新书占据了靠窗最好的一排书架,纸张的油墨味压过了旧书的霉味。最显眼的位置摆着那套《传统纹样全集》,深蓝色的布面精装,烫金的书名在斜射的阳光里熠熠生辉。旁边是徐老先生订的《史记选读》,浅褐色的封皮,翻开是竖排的繁体字,纸页薄而挺括。

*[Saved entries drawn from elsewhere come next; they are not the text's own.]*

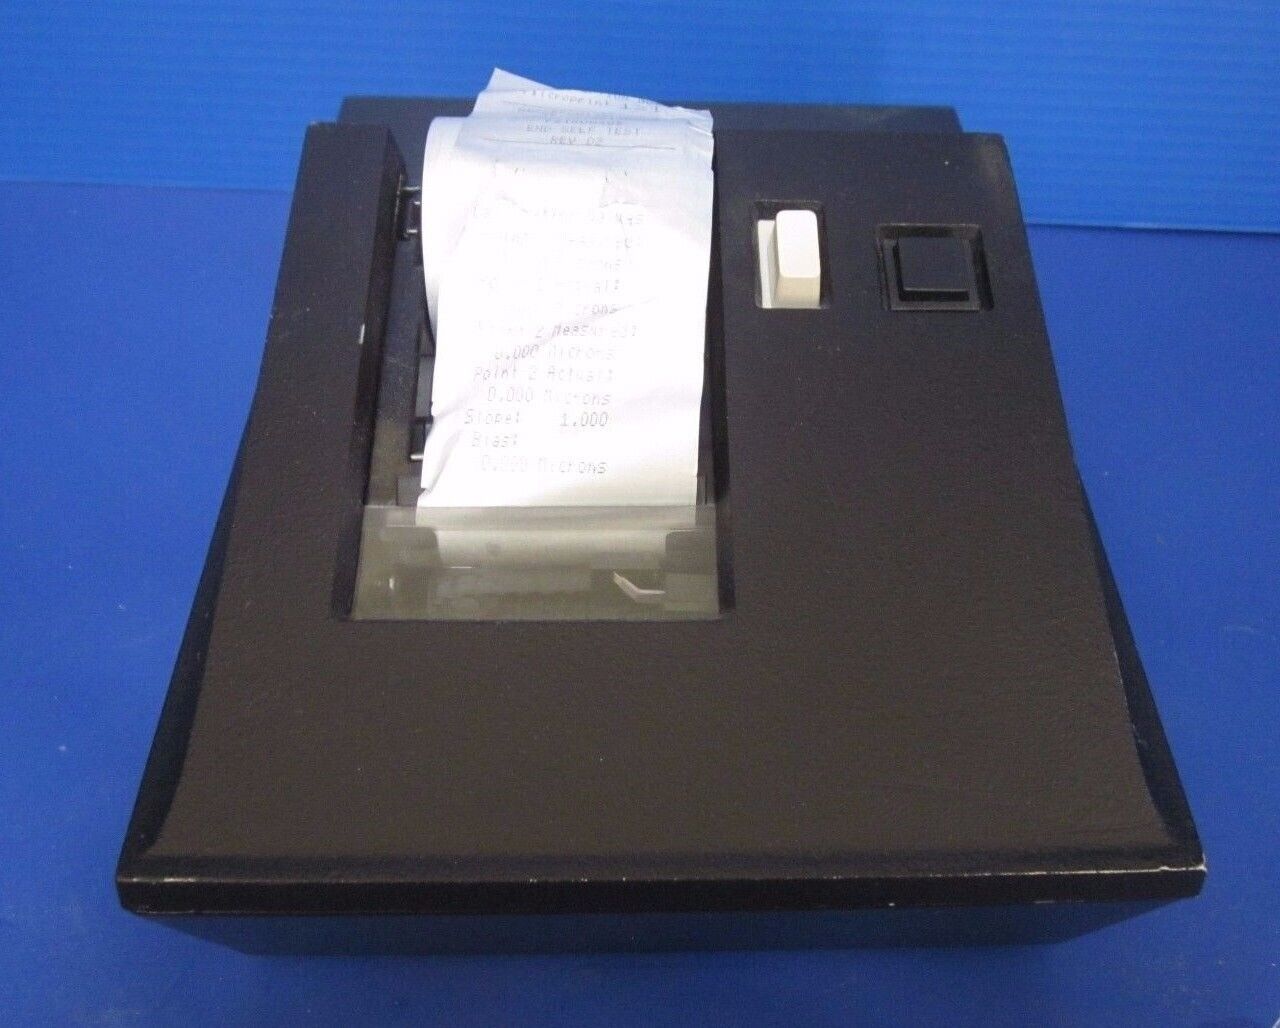 Nanometrics Scientific Software and Instrument, Microprint 121 Printer, Used
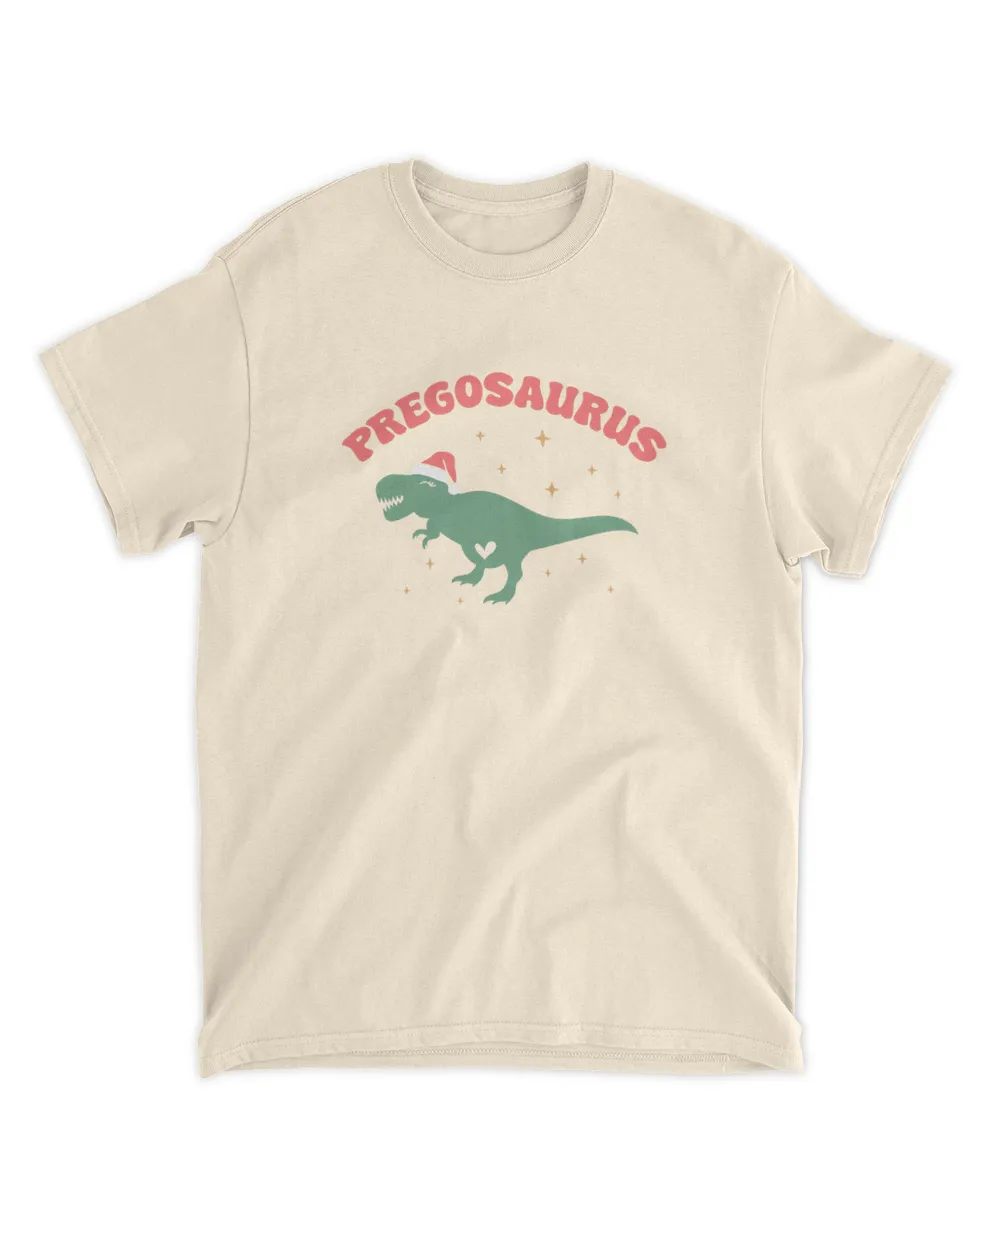 Pregosaurus (for Dinosaur Lover Moms) - Christmas Pregnancy Announcement
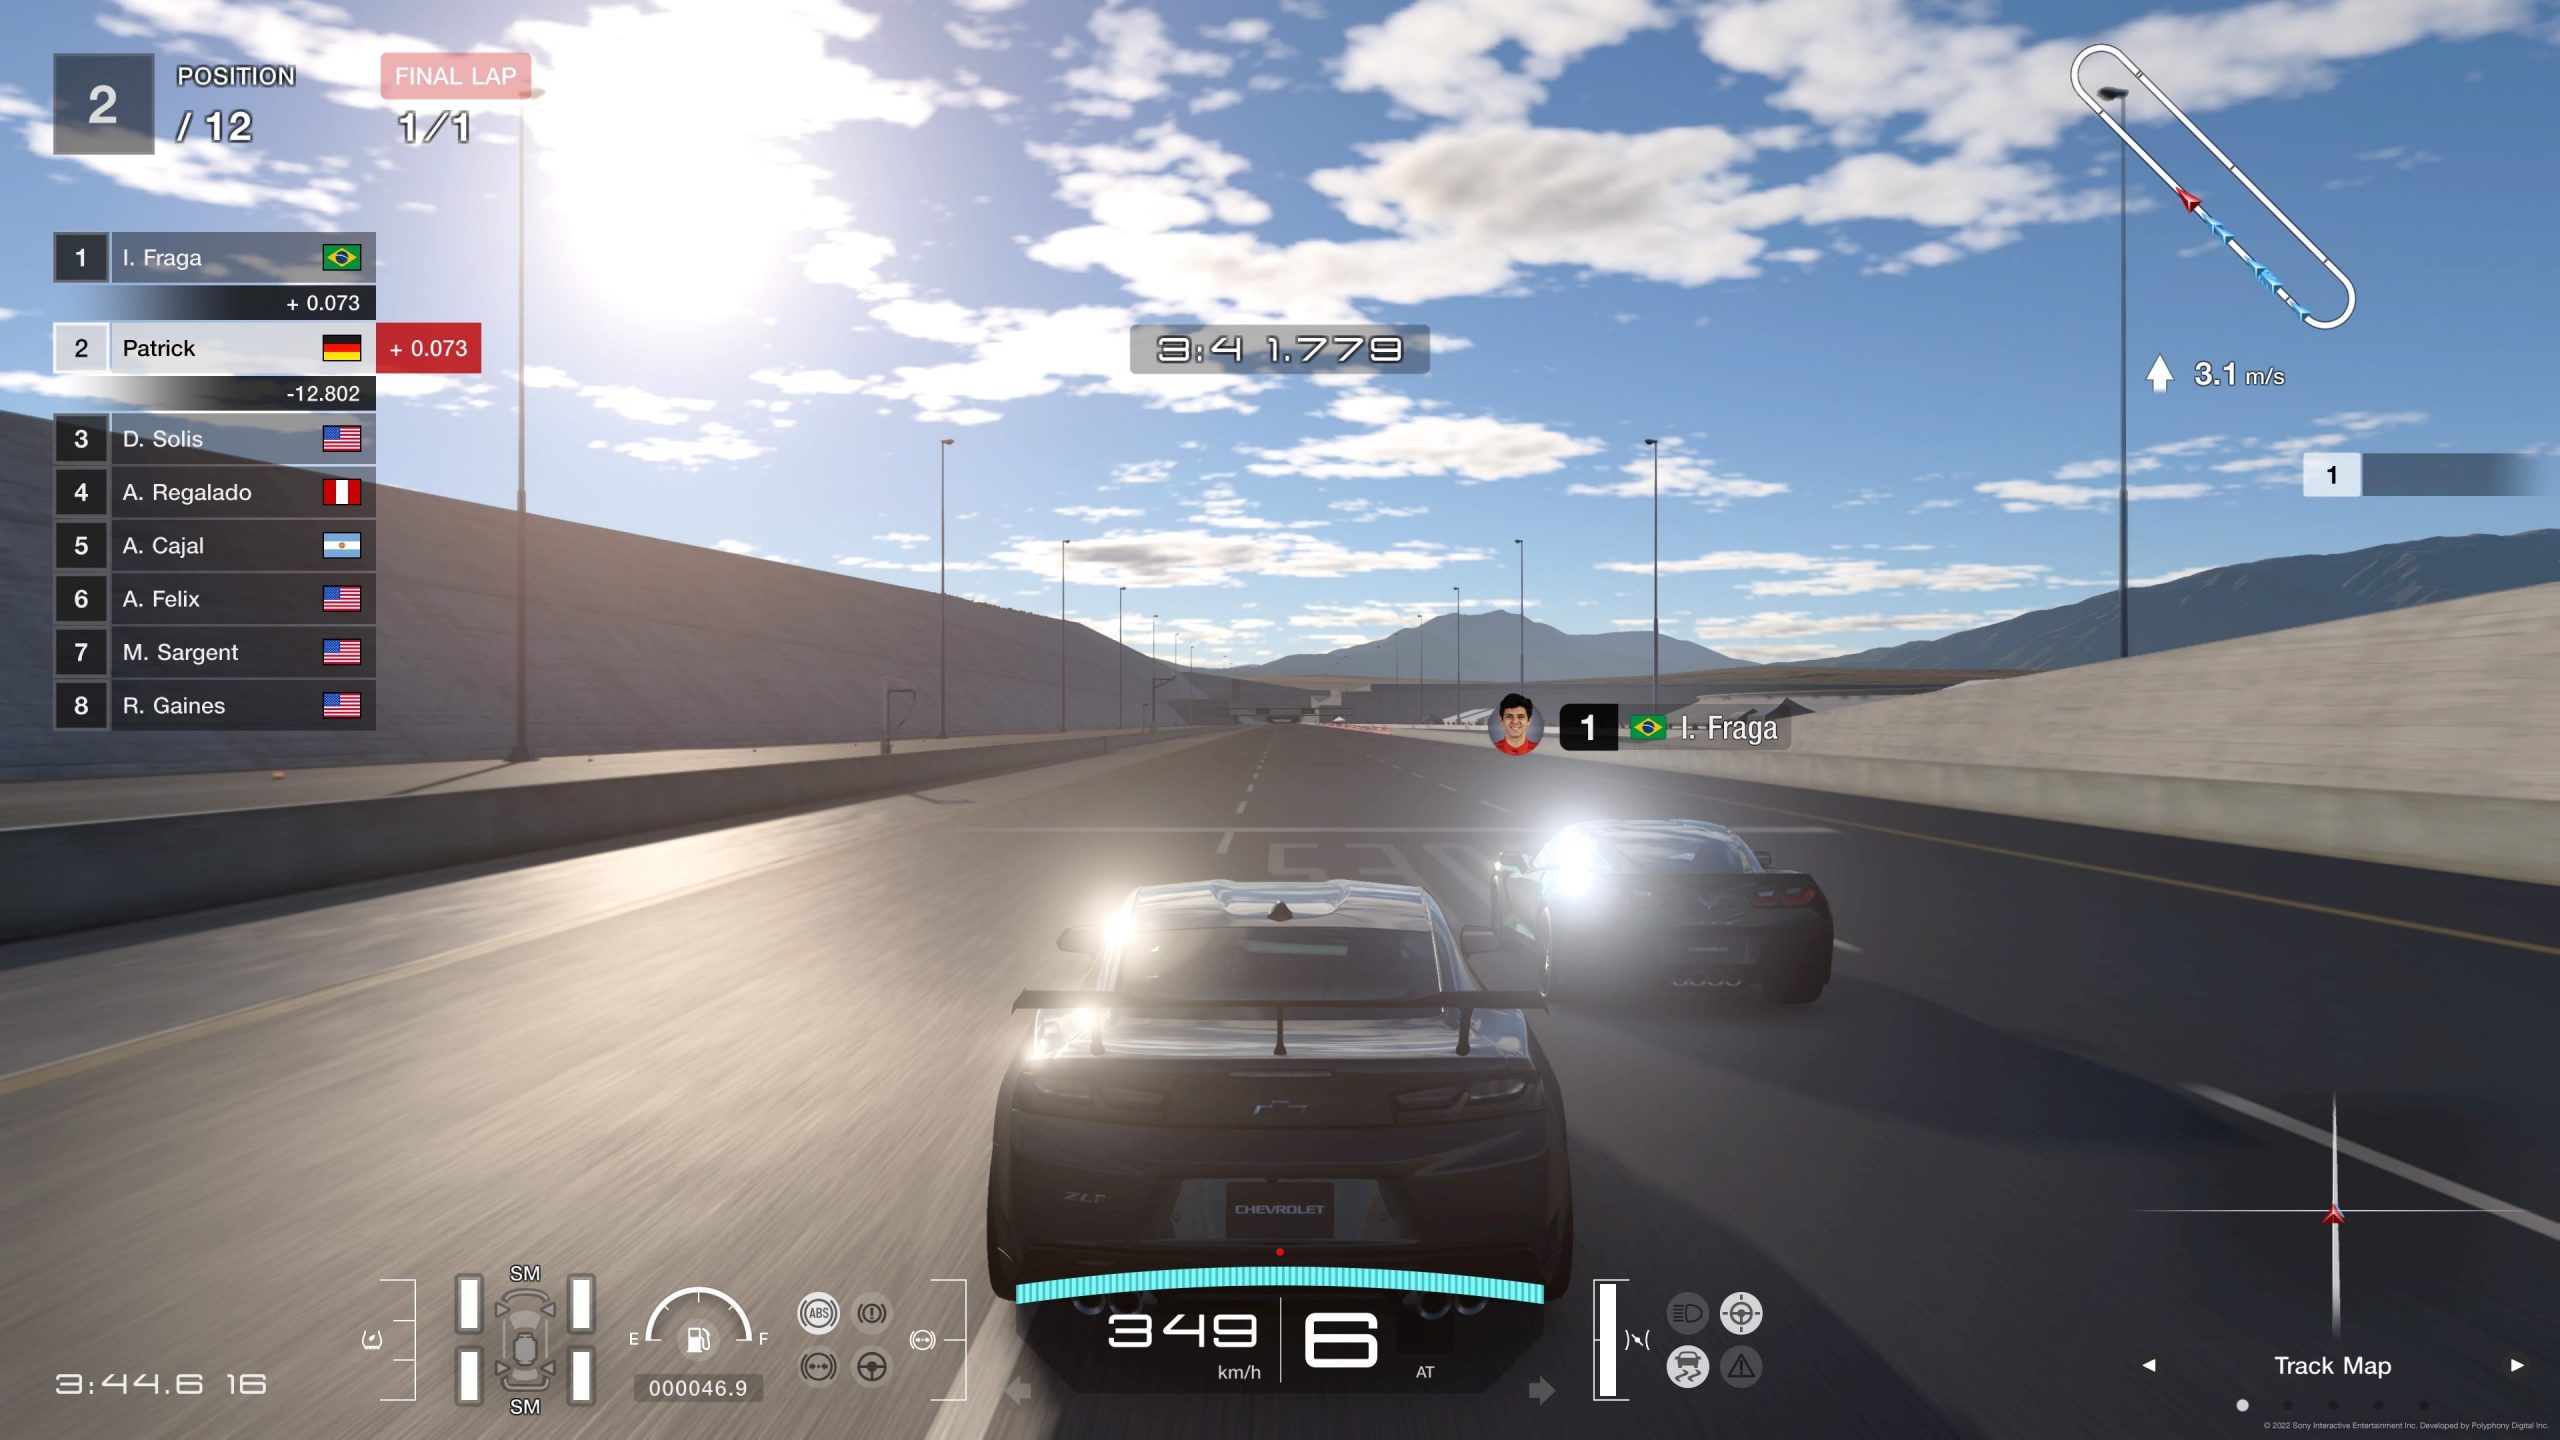 Enjoy This Stunning 4K Unedited Gran Turismo 7 Gameplay Video

苏绣娘是第一个来看书的。她手指极轻地抚过《纹样全集》的封面,像触碰一件易碎的瓷器。翻开内页,彩印的莲花、云纹、缠枝牡丹在眼前铺展开,颜色饱满得几乎要滴下来。她屏住呼吸,看了许久,才低声说:“我师父要是能看到……”

话没说完,但她眼眶微微泛了红。

“这书,你先拿回去看。”沈墨言说。

苏绣娘摇摇头:“放你这儿。谁来都能翻翻。”她顿了顿,“而且……你这儿需要些镇店的新气象。”

新气象确实在慢慢滋生。

徐老先生几乎天天来,戴着老花镜,坐在书店角落那把旧藤椅里,一读就是半天。有时他会指着某处,跟沈墨言讨论几句“太史公笔法”。王麻子来取走了他的《交通地图册》,粗糙的手指小心翼翼翻着各省的公路线,咧着嘴笑:“这下好了,去收旧货不走冤枉路了。”

更意外的是,开始有些生面孔走进来。

多半是年轻人。有附近中学的学生,趴在柜台前看《十万个为什么》的彩色插图;也有穿着白衬衫、鼻梁上架着眼镜的,像是工厂的技术员,专门来找机械制图类的书。有一天,甚至来了个烫着卷发、穿碎花连衣裙的姑娘,怯生生地问有没有《简·爱》。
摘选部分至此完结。